An ancient Chinese proverb says that a “journey of a thousand miles begins with a single step.” This wisdom recognizes that, to accomplish any undertaking, you must first take that initial step (and, implicitly, keep taking each step and clearing each hurdle one at a time) until you reach your destination. Your discrimination or harassment case can be a lot like that. It may seem massive, overwhelming and intimidating at first but, with the aid of a skilled New Jersey employment attorney, you can clear all the hurdles and achieve a positive result… one step at a time.

One of the most important steps in any discrimination case is clearing the hurdle presented by the defense’s motion for summary judgment. If you don’t clear this hurdle, then your case is thrown out without a trial and you recover nothing. Additionally, for workers who are open to settlement, it is often the case that employers’ settlement offers will become much larger and fairer after they’ve lost their motions for summary judgment as compared to before that outcome.

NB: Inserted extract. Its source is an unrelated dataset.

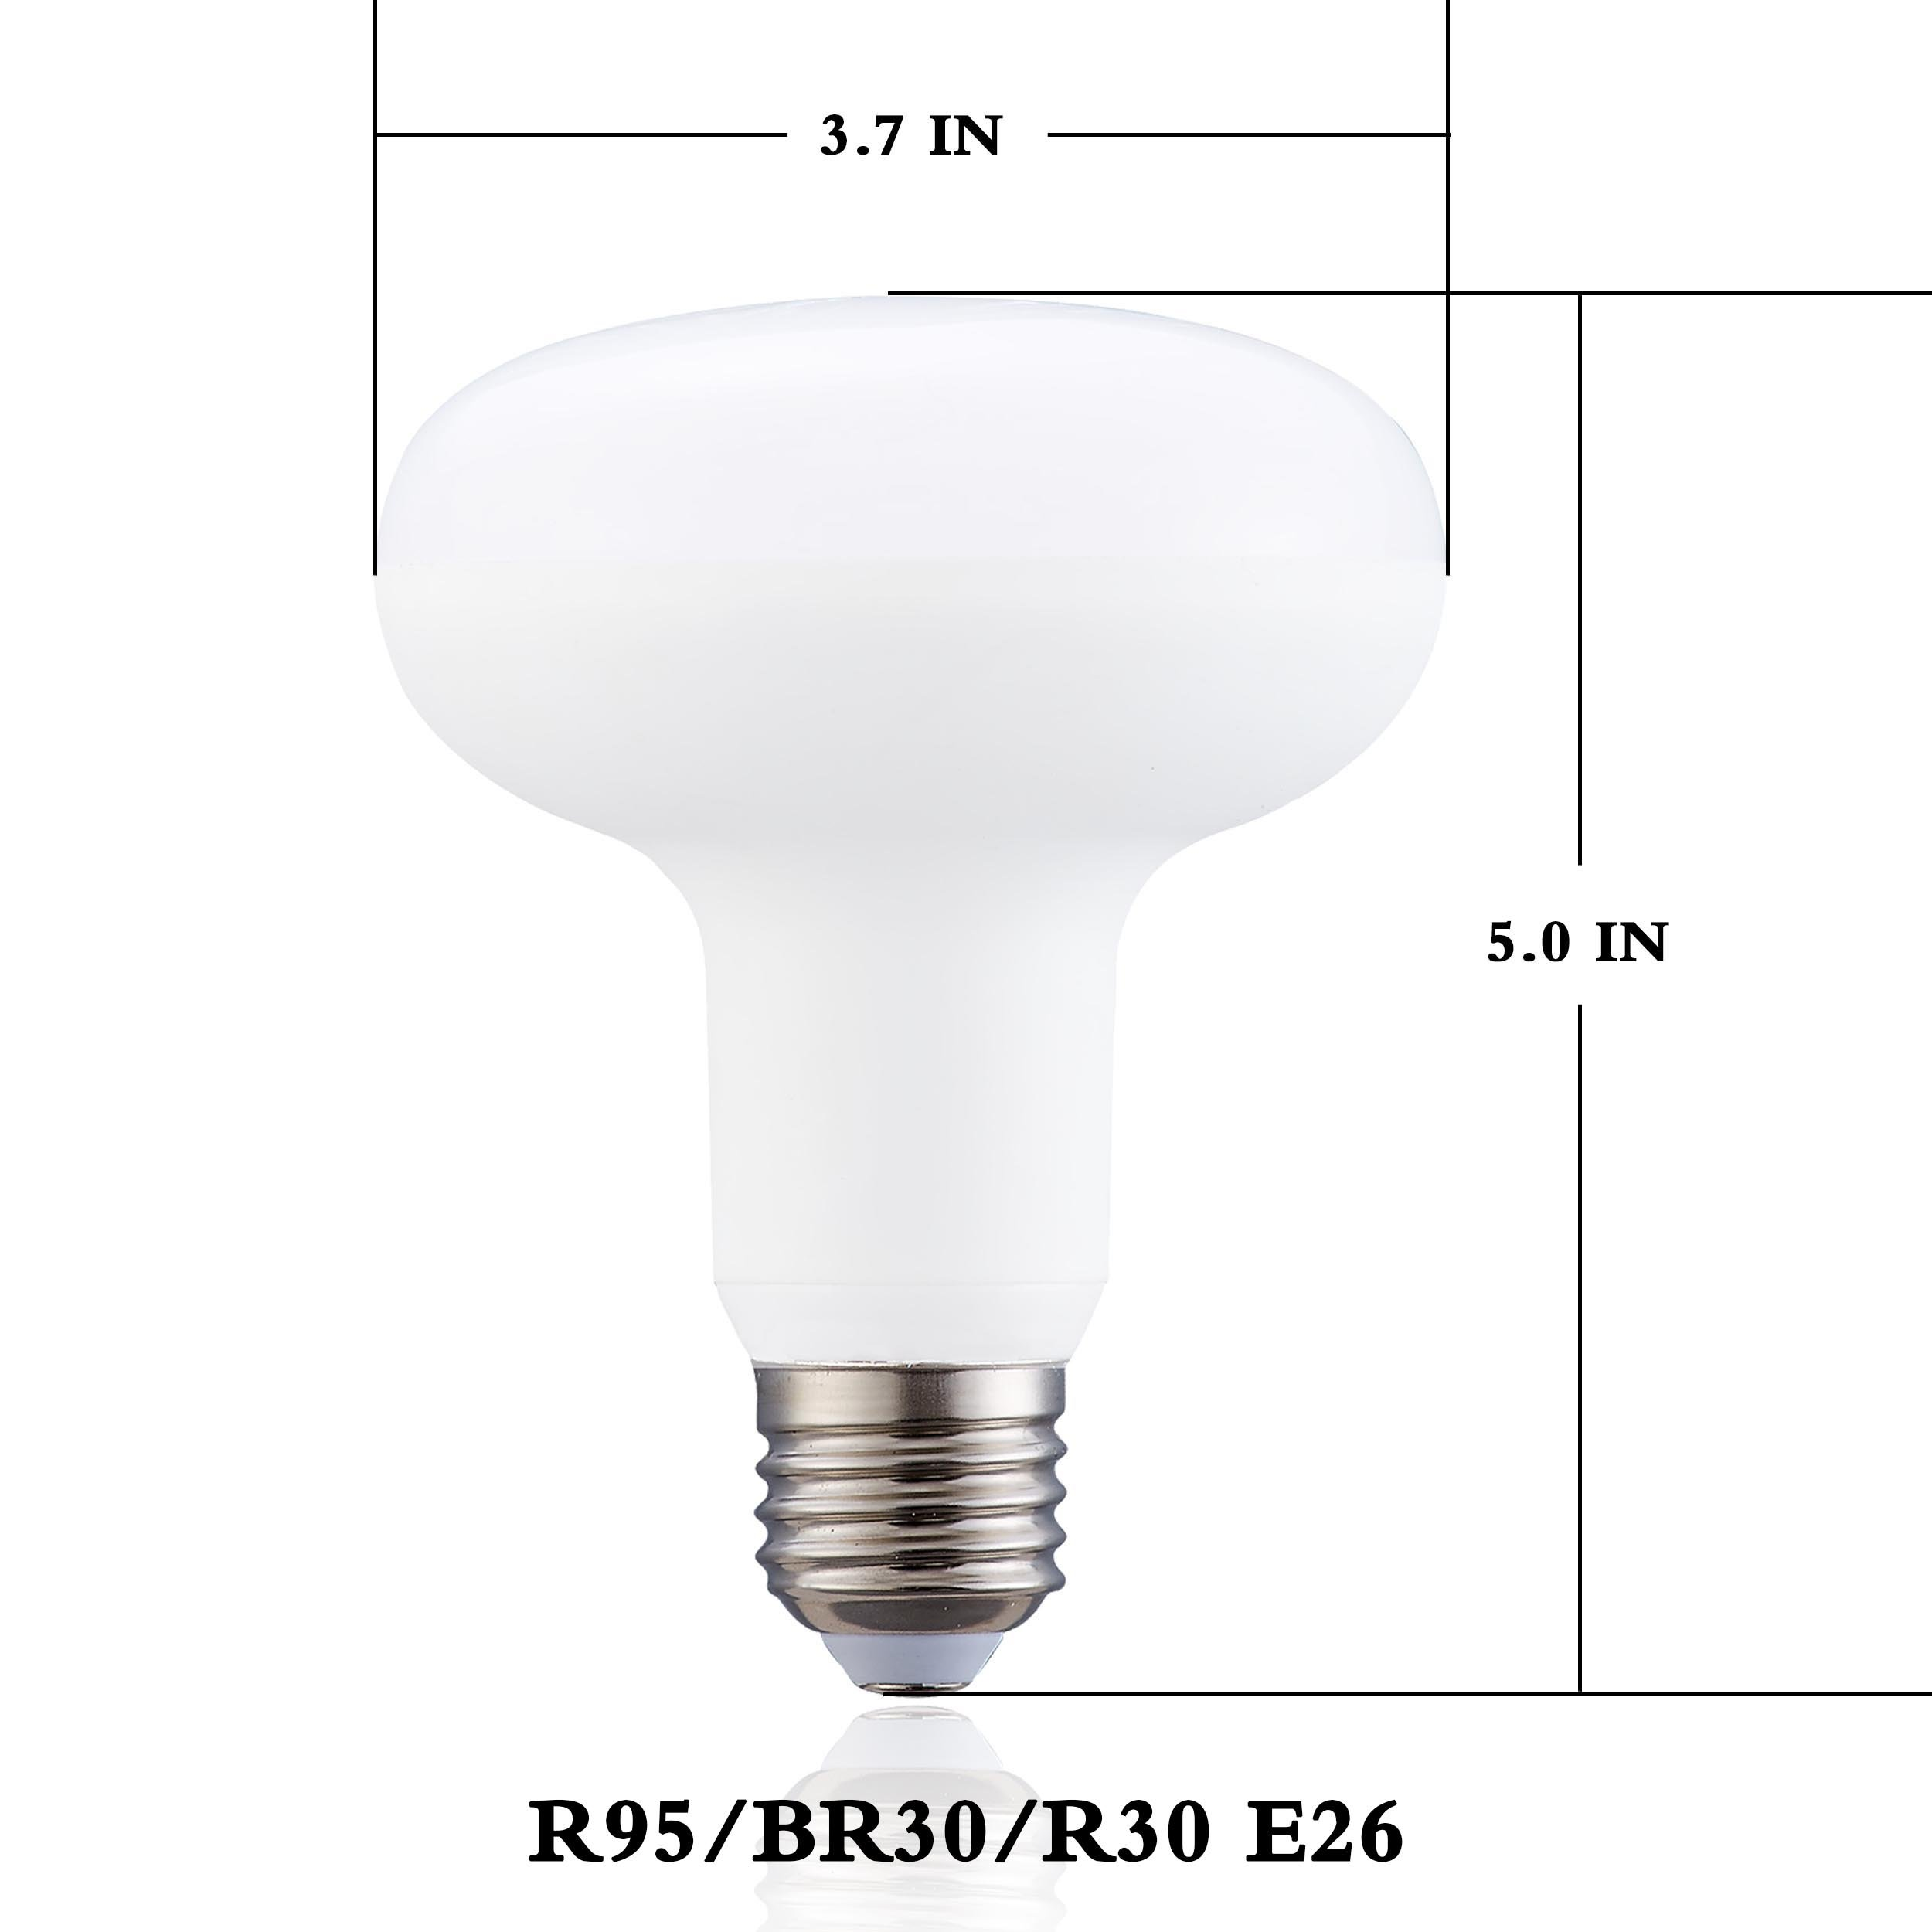 LED BR30 Flood Light Bulbs 100Watt Halogen Equivalent, Dimmable, E26 Medium Base Edison Bulb 4000K Natural White 120 Degree LED for Indoor Outdoor,BR30 12W LED Lamps For Recessed Lighting(Pack of 12)

Defeating a defense motion for summary judgment does not require providing the court with as much proof as you’d need to win at trial. For example, look at the recently decided case of N.H., a New Jersey college professor.

N.H. was hired to be a visual performing and media arts professor and also the chair of her department. However, in 2013, after a run-in with a dean about whether or not to discipline one of N.H.’s subordinates, the professor allegedly began experiencing discrimination and harassment at the hands of that dean. It escalated to the point that N.H. was removed from her position as department chair in December 2014.

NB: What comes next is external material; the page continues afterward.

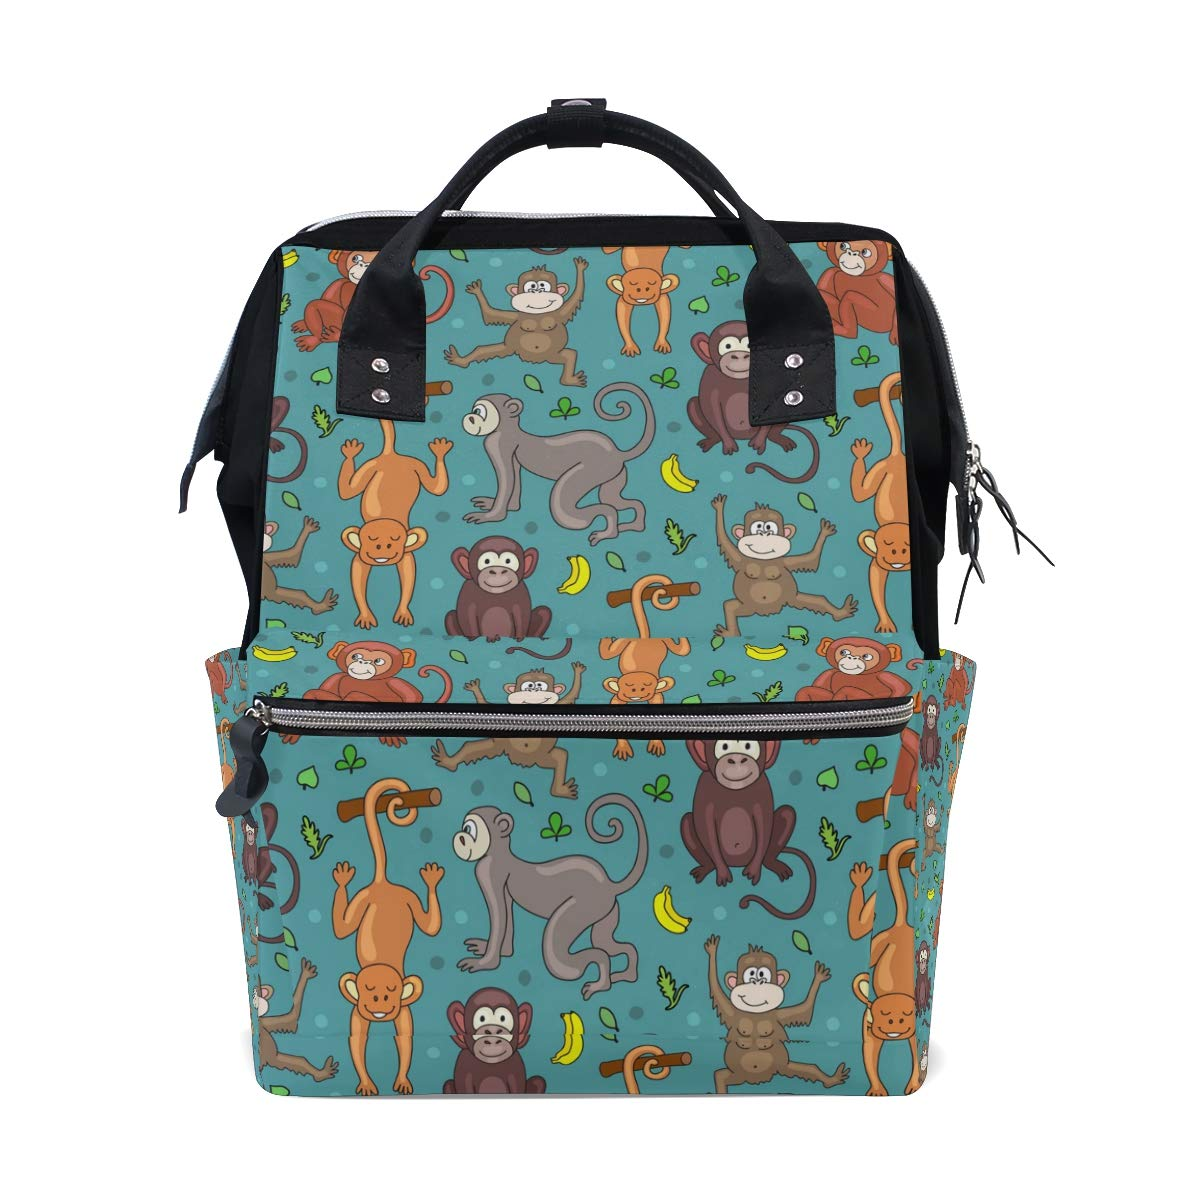 MERRYSUGAR Mommy Bag Diaper Bag Baby Bag School Backpack Monkey Green Banana Large Multifunction Travel Bag Mommy Bag

After that, she sued for gender discrimination and harassment under the Law Against Discrimination. The college fought back by filing a motion of summary judgment.

It’s very important to understand what is happening at this phase of your case and what significance it holds for you. In a summary judgment situation, the defense’s argument is that, no matter what facts you might prove at trial, there is no scenario in which you could possibly be entitled under the law to a judgment in your favor.

In N.H.’s case, she alleged that the dean who supervised her would set up meetings with her and then no-show, would tell her about other meetings at the last moment in order to minimize her ability to prepare for those meetings, would set and then  change his expectations, had stopped communicating with her, had ignored reports from her, had taken control of theater productions from her and gave her a poor performance evaluation in 2014.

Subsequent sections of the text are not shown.